The idea is elegantly simple, especially through the happy coincidence that the UK’s debt of £900 billion is bang on 10% of what the Office of National Statistics valued its total wealth, £9 trillion. We will put aside for a moment the government’s ludicrous tendency of saying Britain is bankrupt when its assets are ten times its liabilities. Every UK citizen over the age of 18 would take responsibility for a proportion of the national debt according to their personal wealth. No-one under 18 caused this mess. The bottom 2% of households, with negative wealth, did not cause this mess. Indeed, the bottom 50% of this nation own only 9% of the total UK wealth of around 9 trillion. So, of our total debt of around 900 billion, we will claim responsibility for 9% of its debt, around £81 Billion. Take away the 6 million children, and we have an average personal debt of £3375 each. For those of us in the bottom 50%, that is a sizeable sum of money, but that would scale from nothing for those with no assets, to the middle household in the UK, with wealth of £204,000, taking on debt of around £20,000. Again, this is a large amount of money, but remember they don’t have to pay the lump sum up front, just the interest. At an interest rate of, say, 1.5%, that would be an annual payment of £300 a year, far less than Gideon Osborne’s VAT raise cost the average household. Similarly, those older people who have merely had their family home rise in value could spend the rest of their days there, and the amount would simply be deducted from their estate when they pass on.

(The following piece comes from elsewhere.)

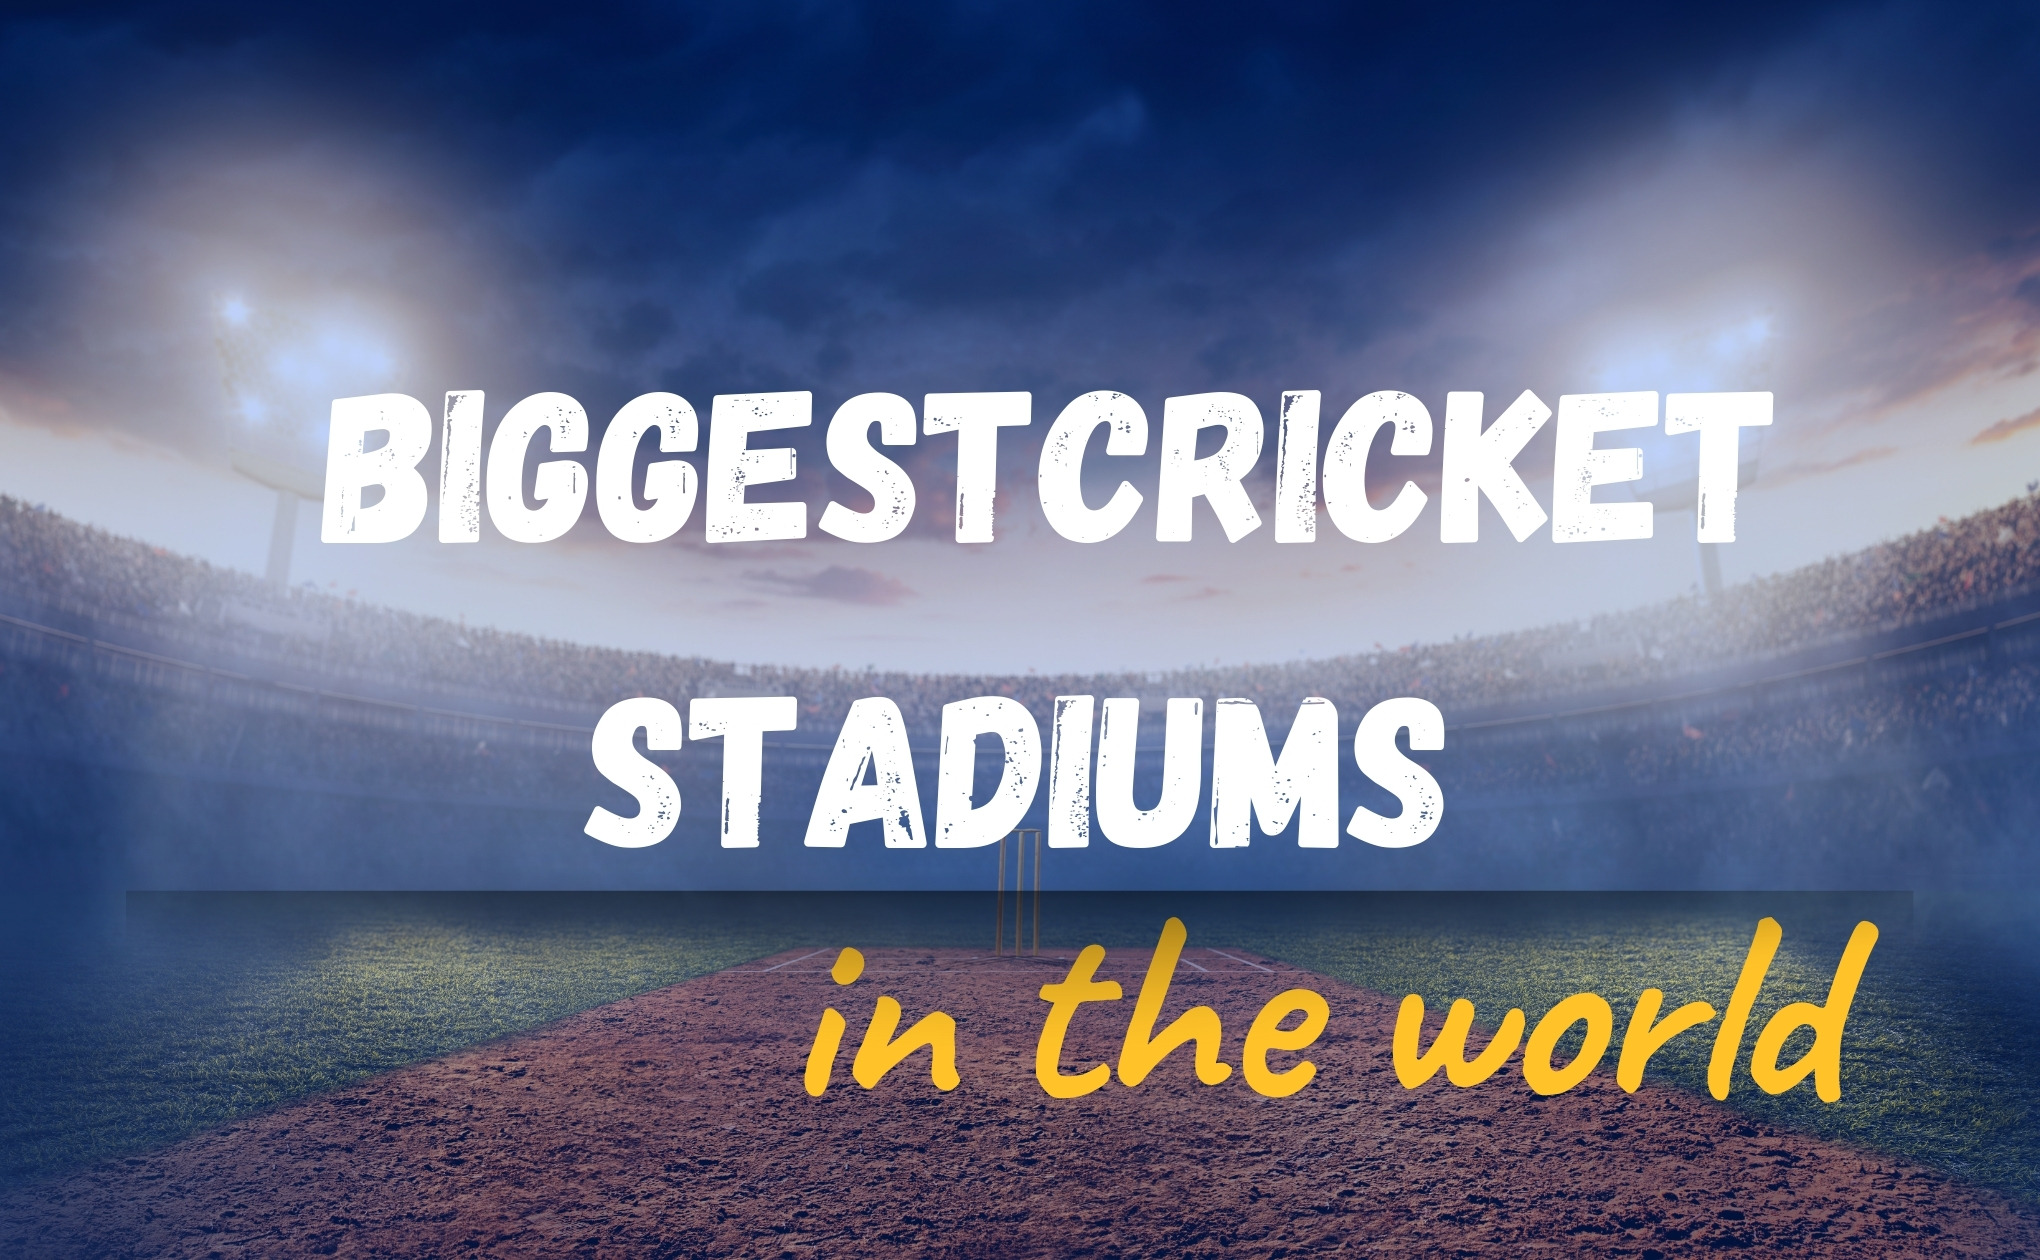 Biggest cricket stadiums

So what of those at the top? To get into the top 5% of households in Britain means you have assets of £4million, so they pay £400,000 towards deficit reduction or, as I said, the interest of just £6,000 a year, a term’s school fees at St Paul’s. The Duke of Westminster would be on the hook for around 700 million, but considering he made £250 million last year I’m sure he won’t find that too onerous.

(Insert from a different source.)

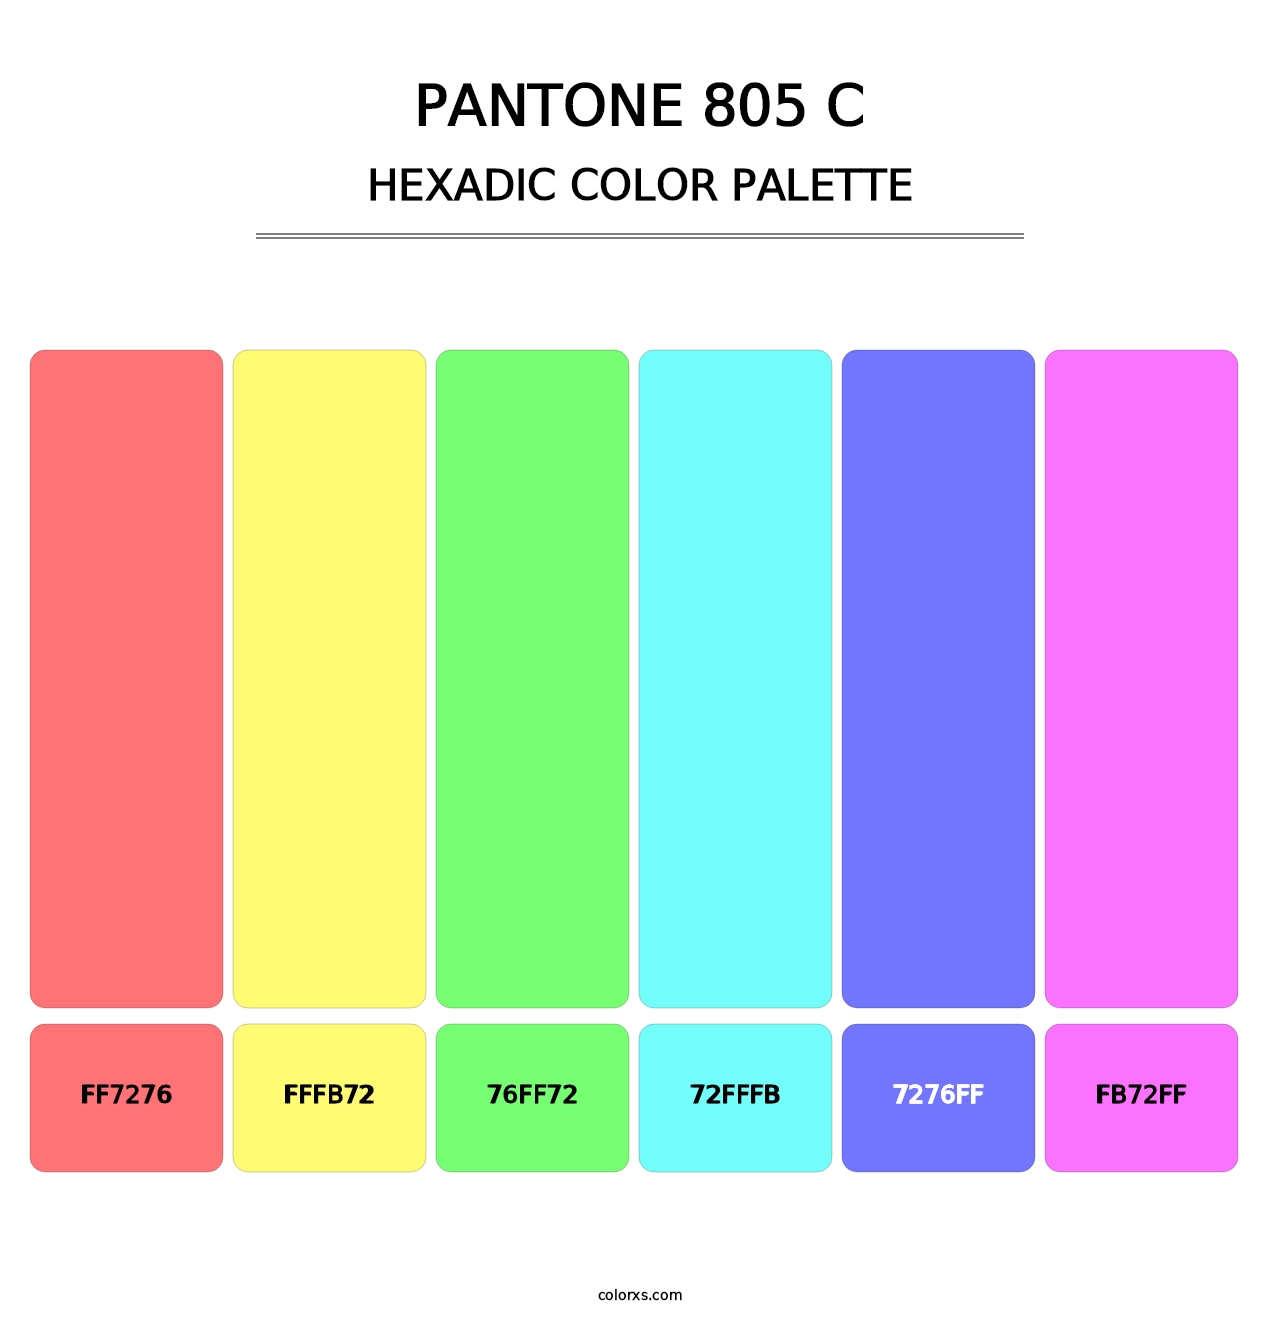 PANTONE 805 C - Hexadic Color Palette

This would be a proper distribution of the losses. Those that crashed our economy would have to pay the bill. This might make them less inclined to crash it in the future. More than that however, the £49 billion currently spent on debt interest becomes free to plug the structural deficit. Free of the threats and whims of international financial markets, a truly radical economic reformation of this country could ensue.

It would not be easy. Innovation and hard graft will always be necessary to make the world better for the next generation. Labour creates wealth, and it will always be needed to do so. This paying off of the national debt would be the beginning of a process to use the vast wealth of this country for the benefit of all its people, and to preserve it for future generations. The dispossessed reclaiming what was theirs.